In diesem Blog habe ich mich in Prä-Corona-Zeiten gerne als „Anachronisten“ bezeichnet; als jemanden, der aus seiner Zeit, aus seiner Lebenswelt herausgefallen ist und jetzt nirgendwo mehr hingehört. Nach zwei Coronajahren habe ich den Eindruck, daß wir alle zu Anachronisten geworden sind. Corona hat uns alle aus der Zeit herausgerissen; sogar die, die noch krampfhaft an ihr festzuhalten versuchen und von einer Zeit faseln, in der wieder alles so sein wird wie früher. Wenn Corona vorbei ist.

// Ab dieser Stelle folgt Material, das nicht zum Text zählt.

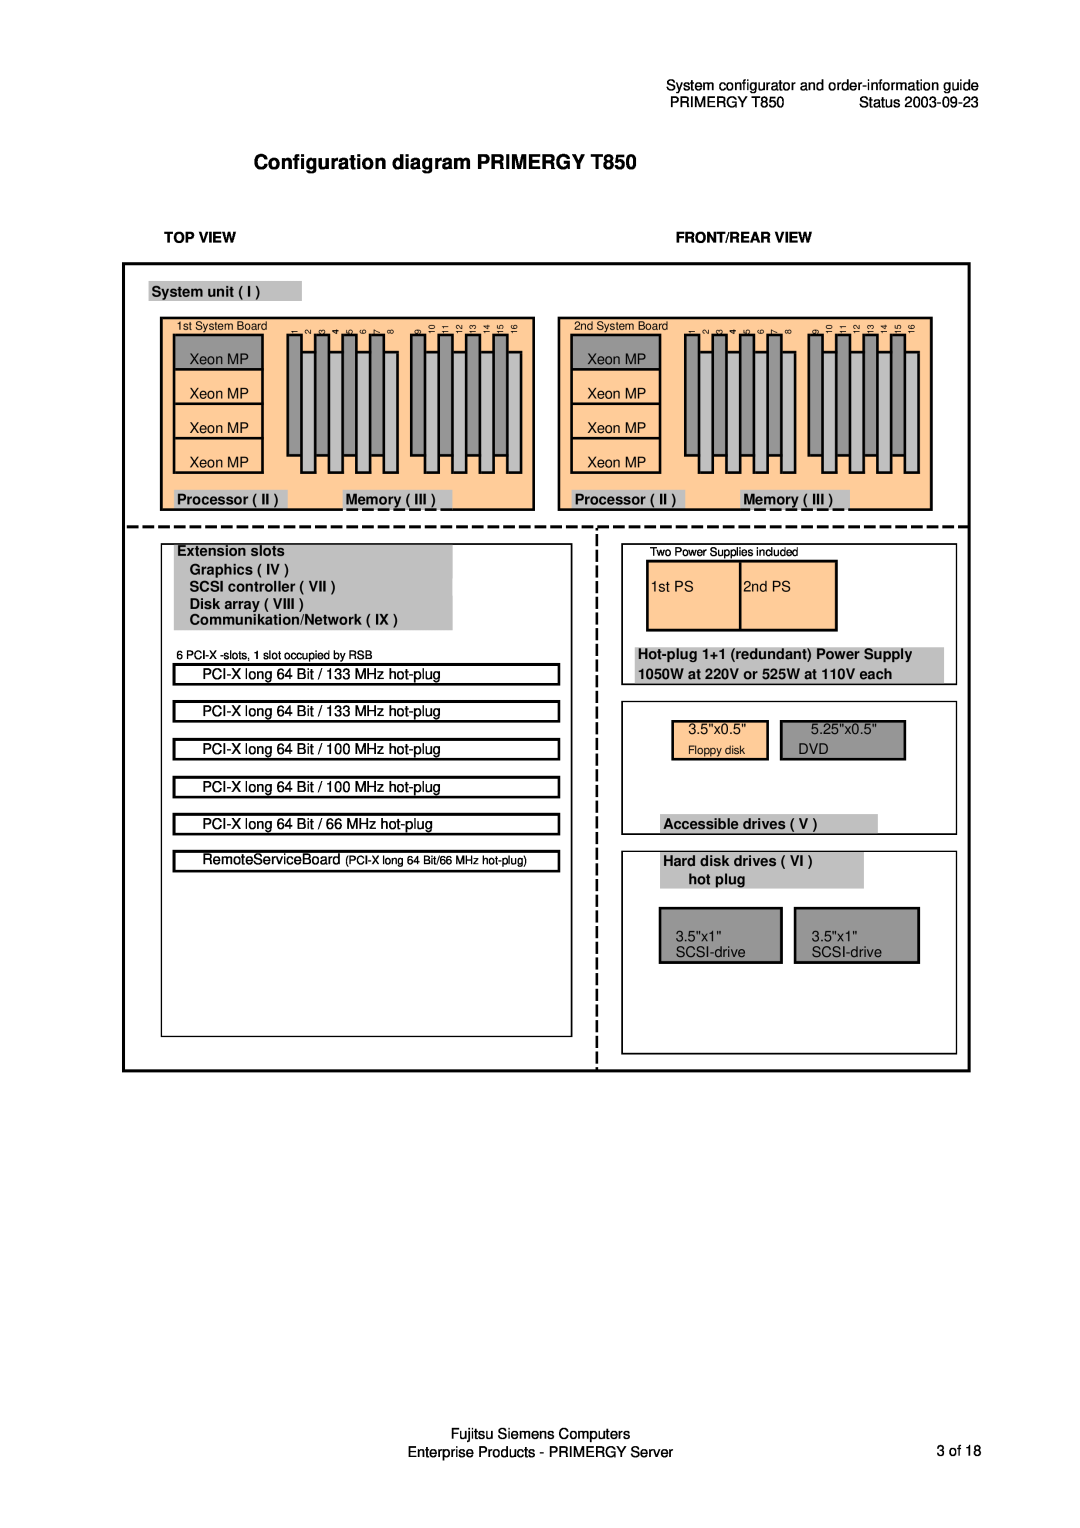 Fujitsu Configuration diagram PRIMERGY T850, Top View, Front/Rear View, System unit, Disk array Communikation/Network 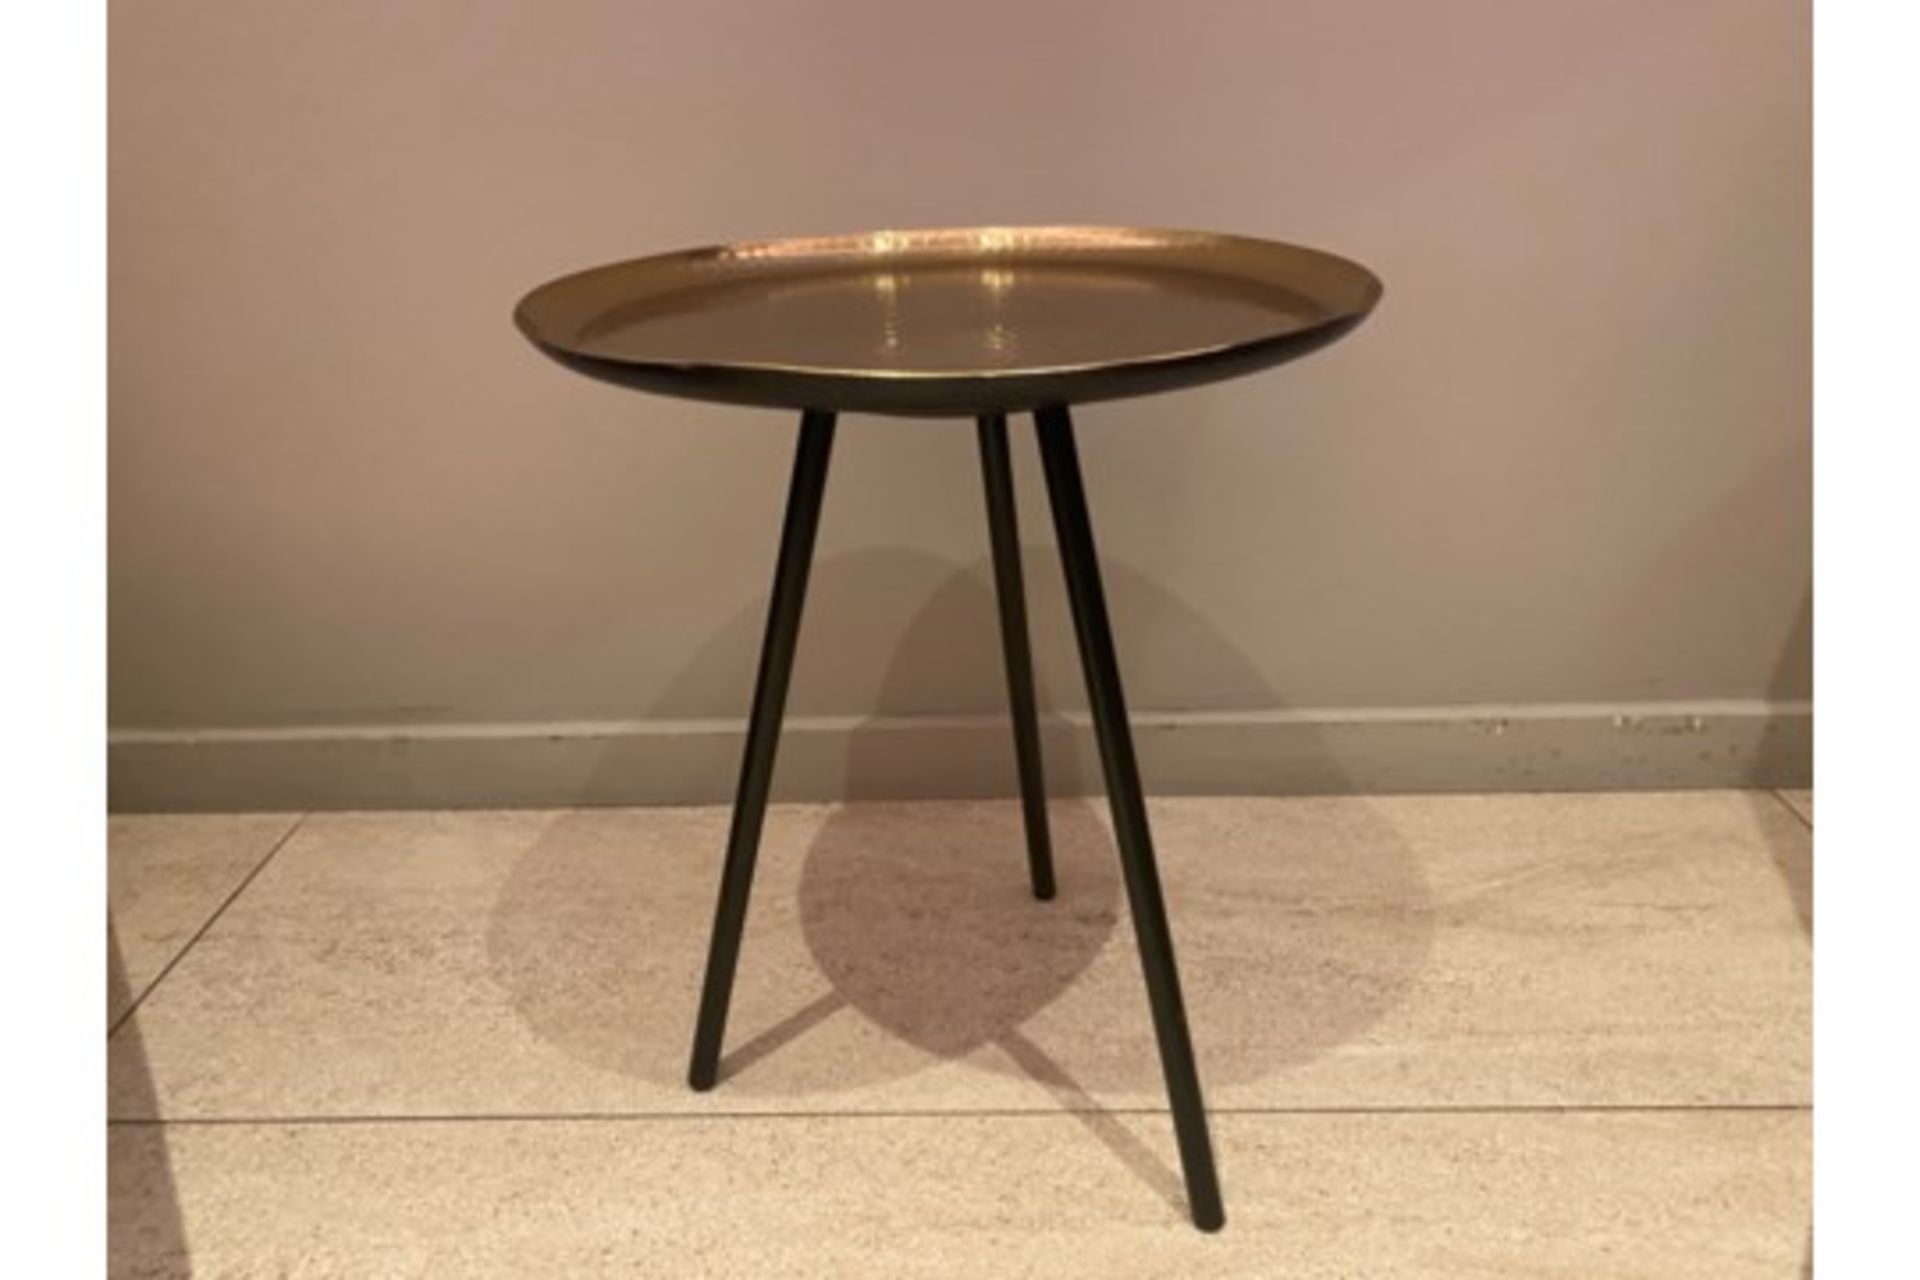 Copper Designer Table - Image 2 of 2

Inzwischen haben wir eine neue Bundesregierung, und sie selbst hat bereits angekündigt, daß die Überwindung der Corona-Krise in der nächsten Zeit Vorrang vor den anderen wichtigen Aufgaben haben wird, die sie sich im Koalitionsvertrag gestellt hat. Läuft also Corona dem Klimawandel den Rang ab? Aber: haben Corona und Klimawandel nicht eher einiges gemeinsam?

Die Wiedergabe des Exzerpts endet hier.